Exclude the images and repeat all remaining entries exactly.

:: Data for processing

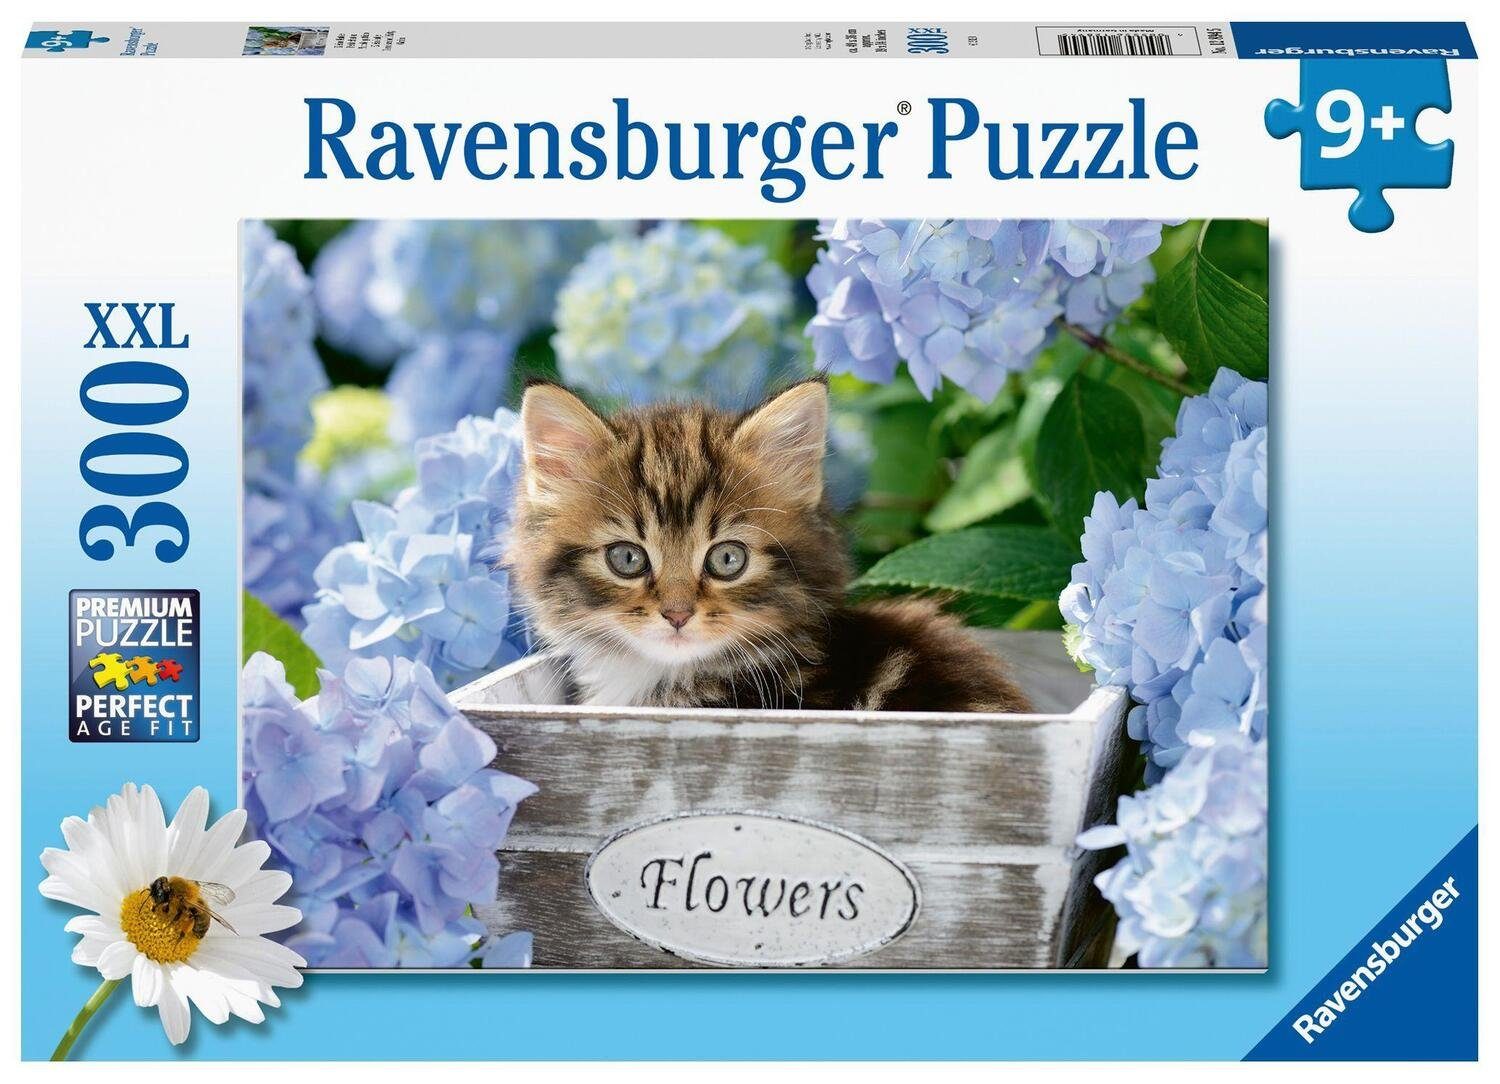 Ravensburger Puzzle Ravensburger Kinderpuzzle - 12894 Kleine Katze - Tier- Puzzle für..., 300 Puzzleteile
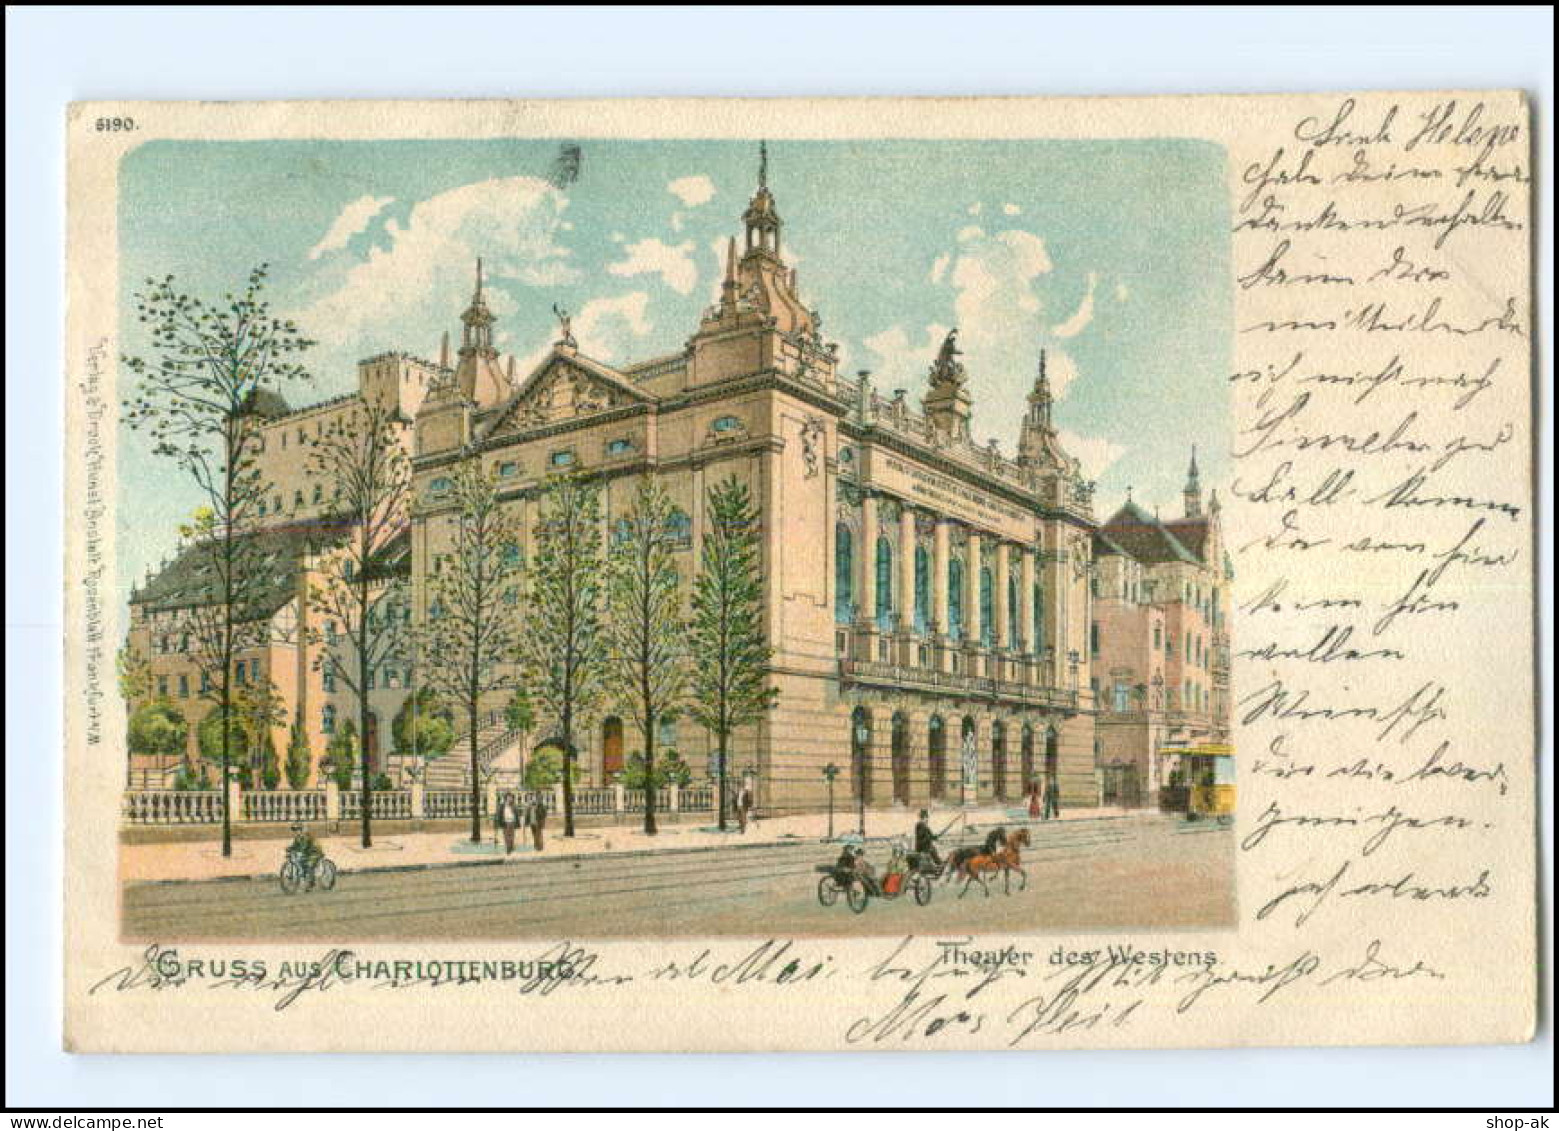 U5861/ Berlin Gruß Aus Charlottenburg Theater Des Westens 1904 Litho AK - Charlottenburg
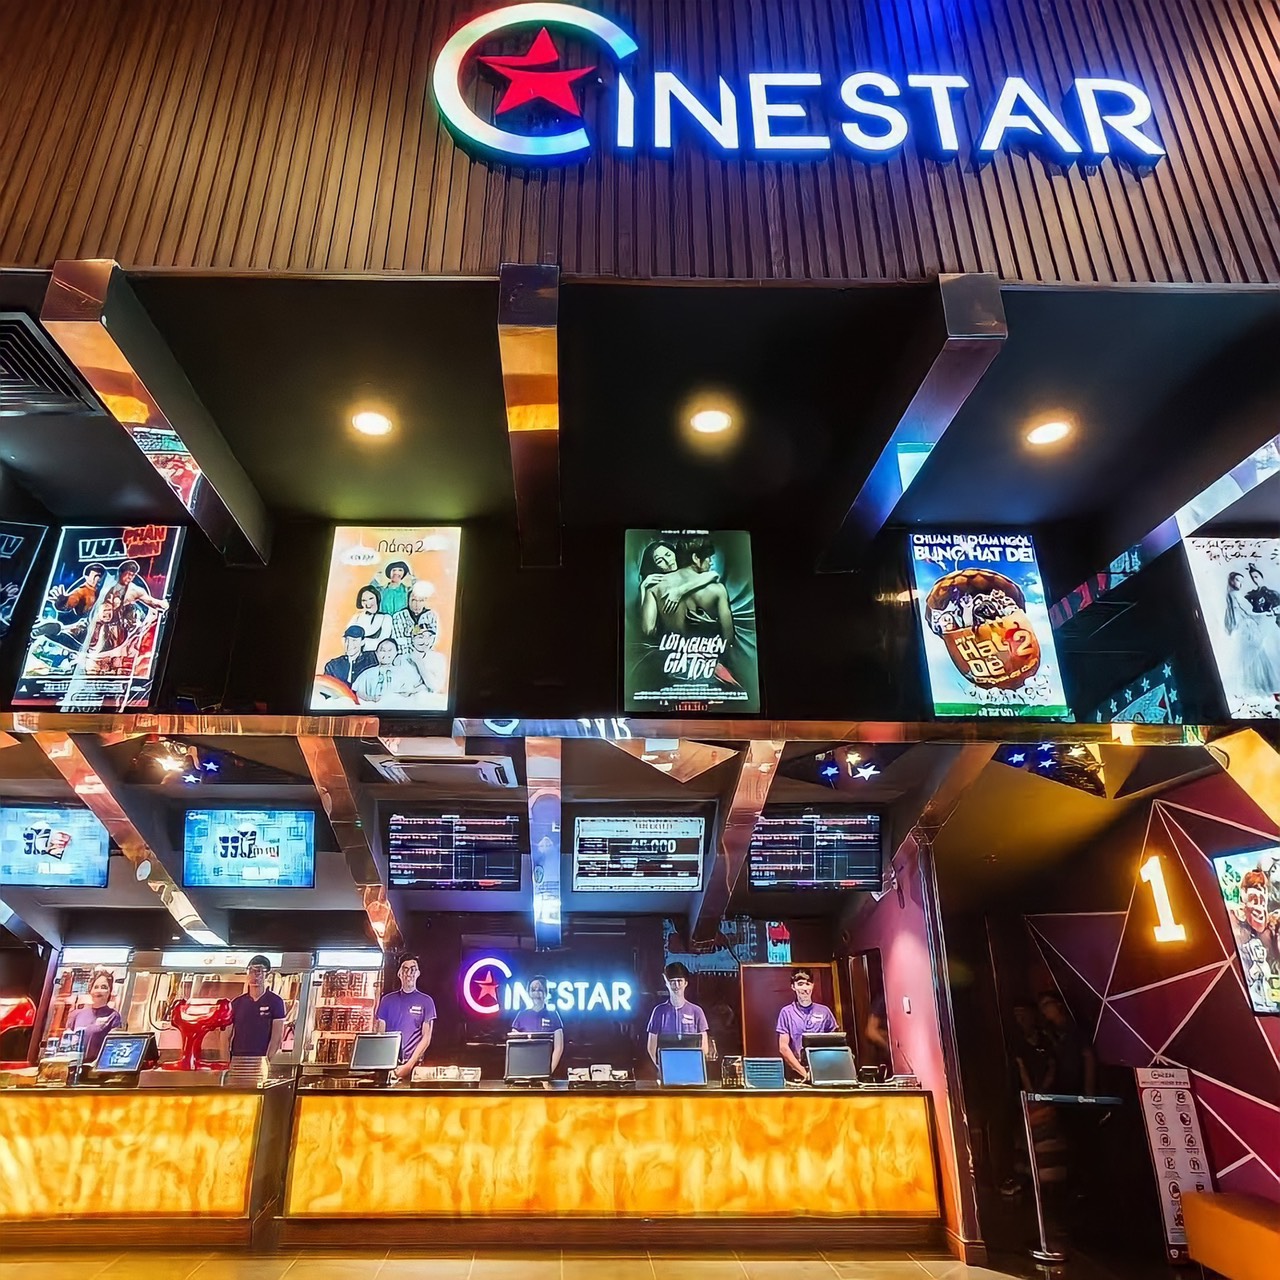 Cinestar - Hệ Thống Rạp Chiếu Phim Giá Rẻ, Hiện Đại Bậc Nhất
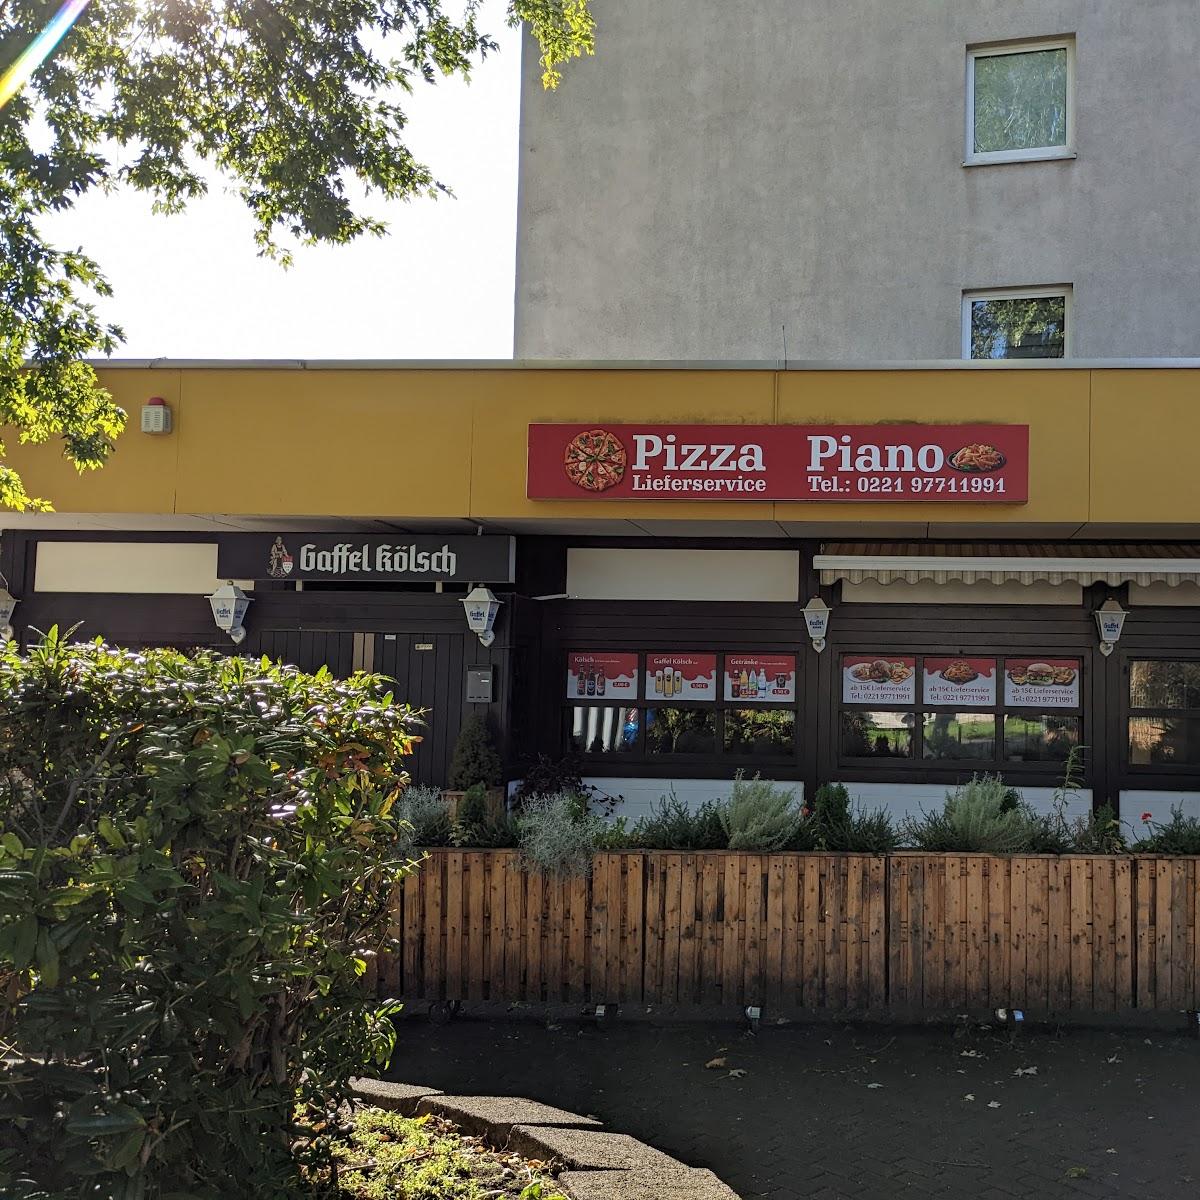 Restaurant "Pizza Piano" in Köln
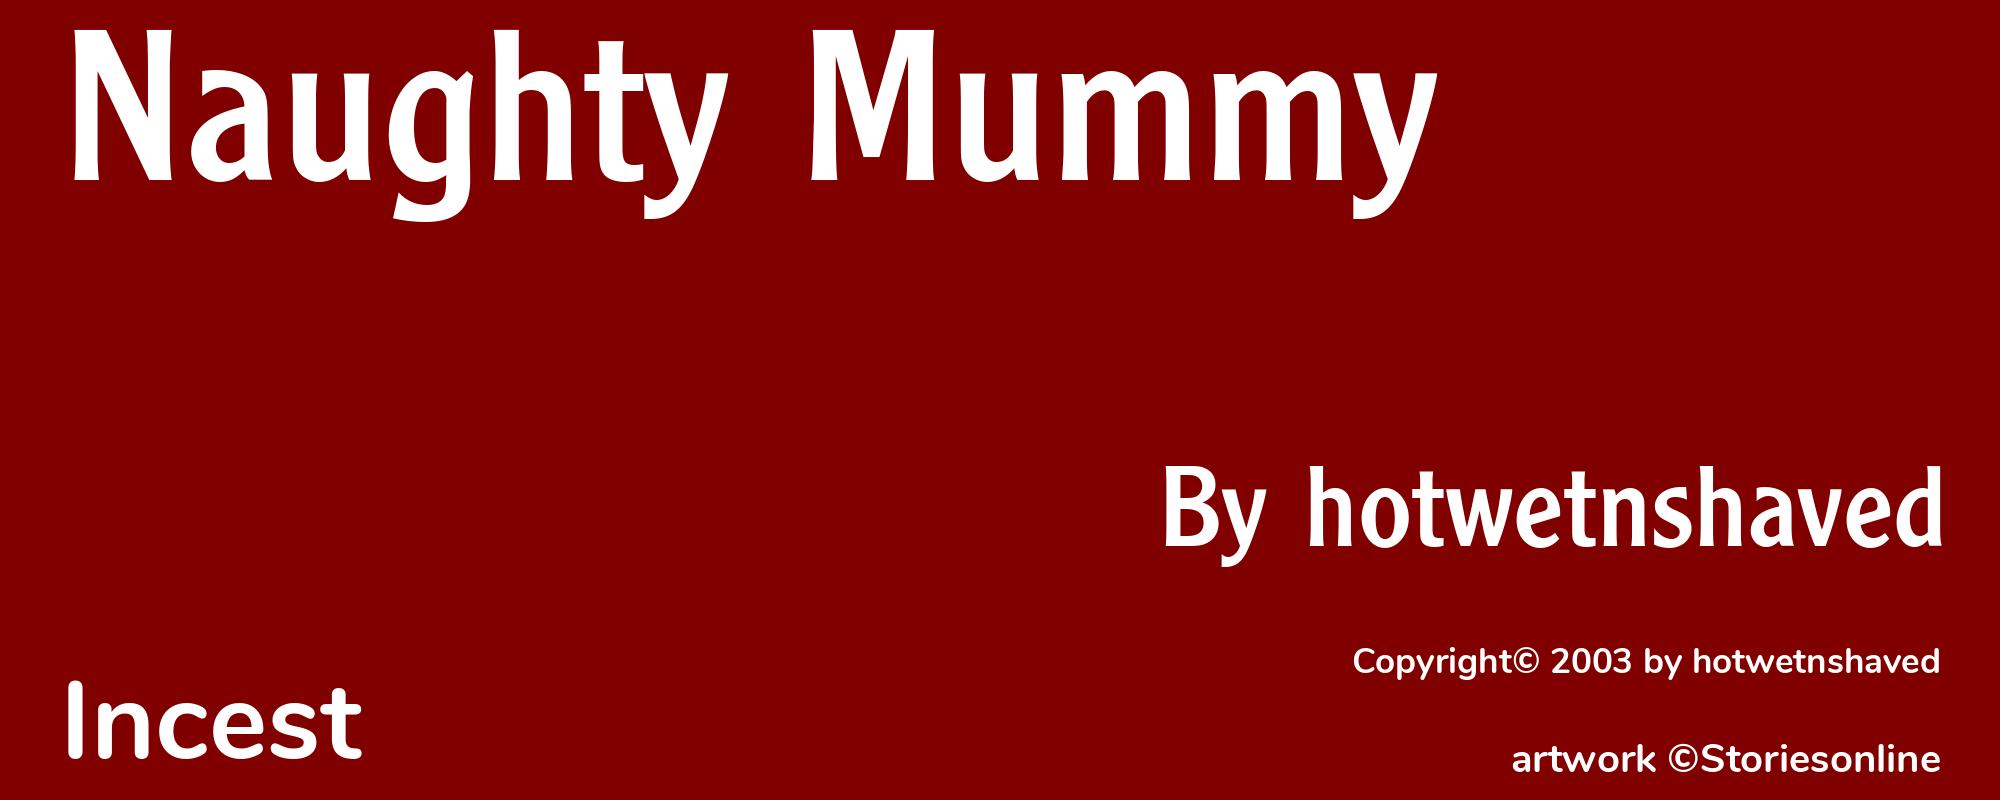 Naughty Mummy - Cover
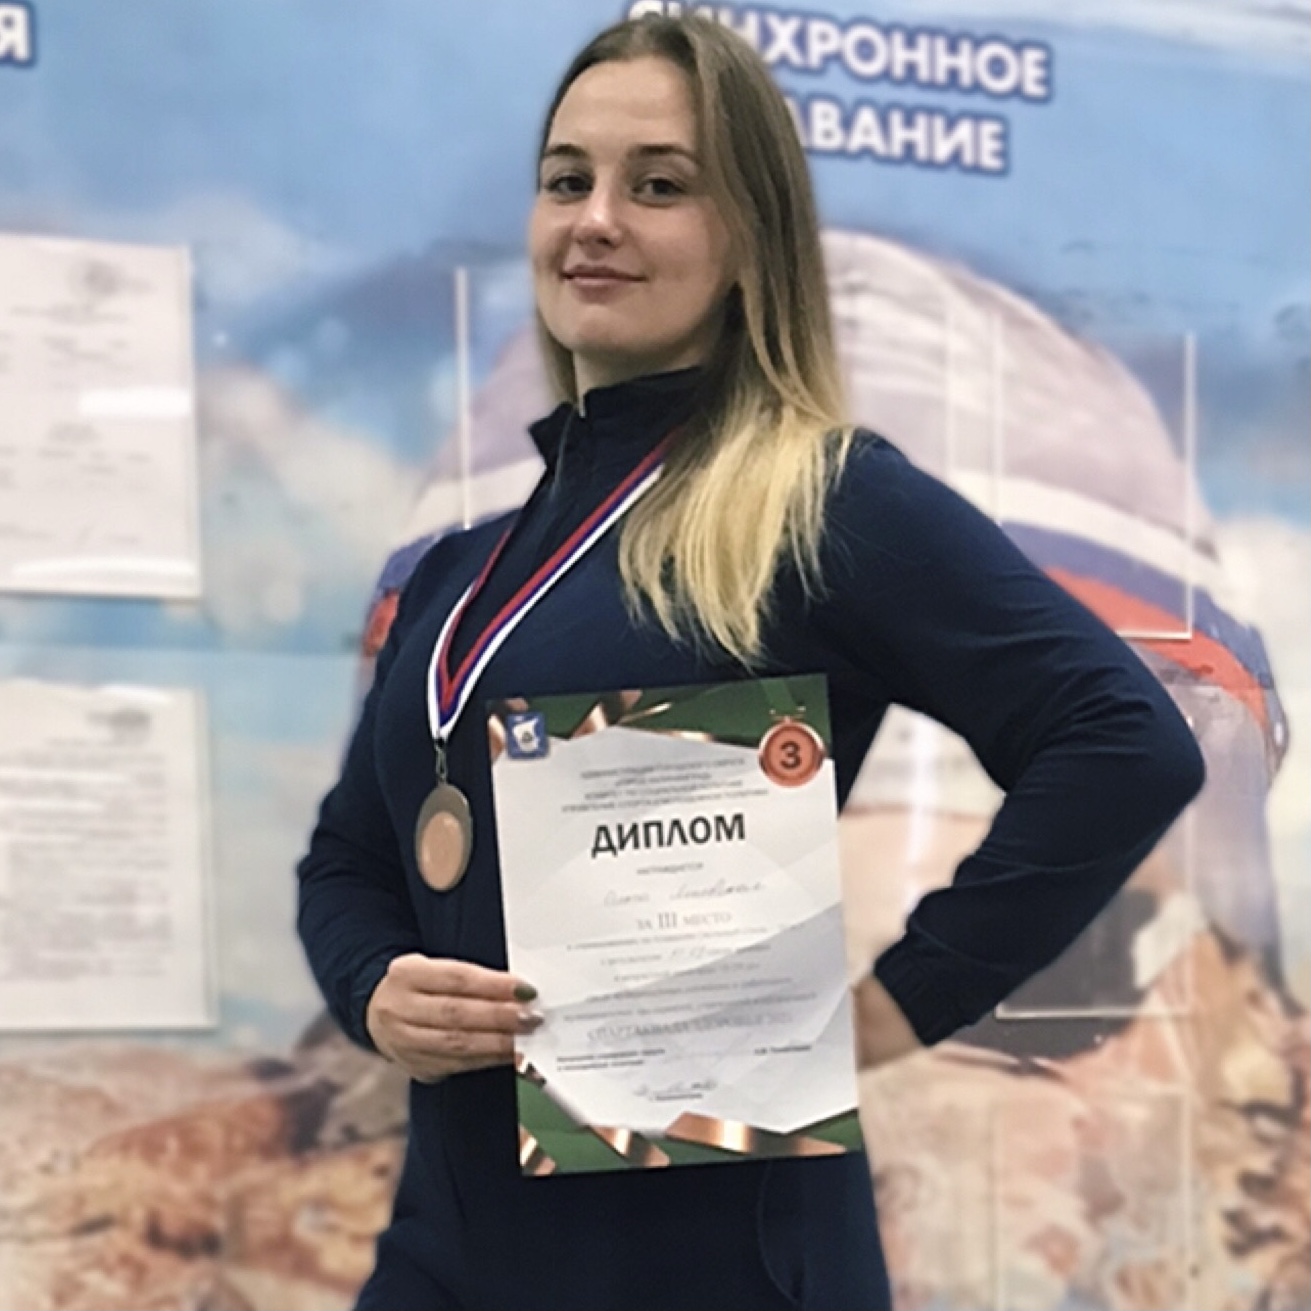 Янчевская Ольга Анатольевна - призёр соревнований по плаванию (вольный стиль - 50 м.) - 3 место.

::::

# Task solution
 Ravensburger Puzzle Ravensburger Kinderpuzzle - 12894 Kleine Katze - Tier- Puzzle für..., 300 Puzzleteile
 U5861/ Berlin Gruß Aus Charlottenburg Theater Des Westens 1904 Litho AK - Charlottenburg
 Cinestar - Hệ Thống Rạp Chiếu Phim Giá Rẻ, Hiện Đại Bậc Nhất
 Restaurant "Pizza Piano" in Köln
 Naughty Mummy - Cover
 Янчевская Ольга Анатольевна - призёр соревнований по плаванию (вольный стиль - 50 м.) - 3 место.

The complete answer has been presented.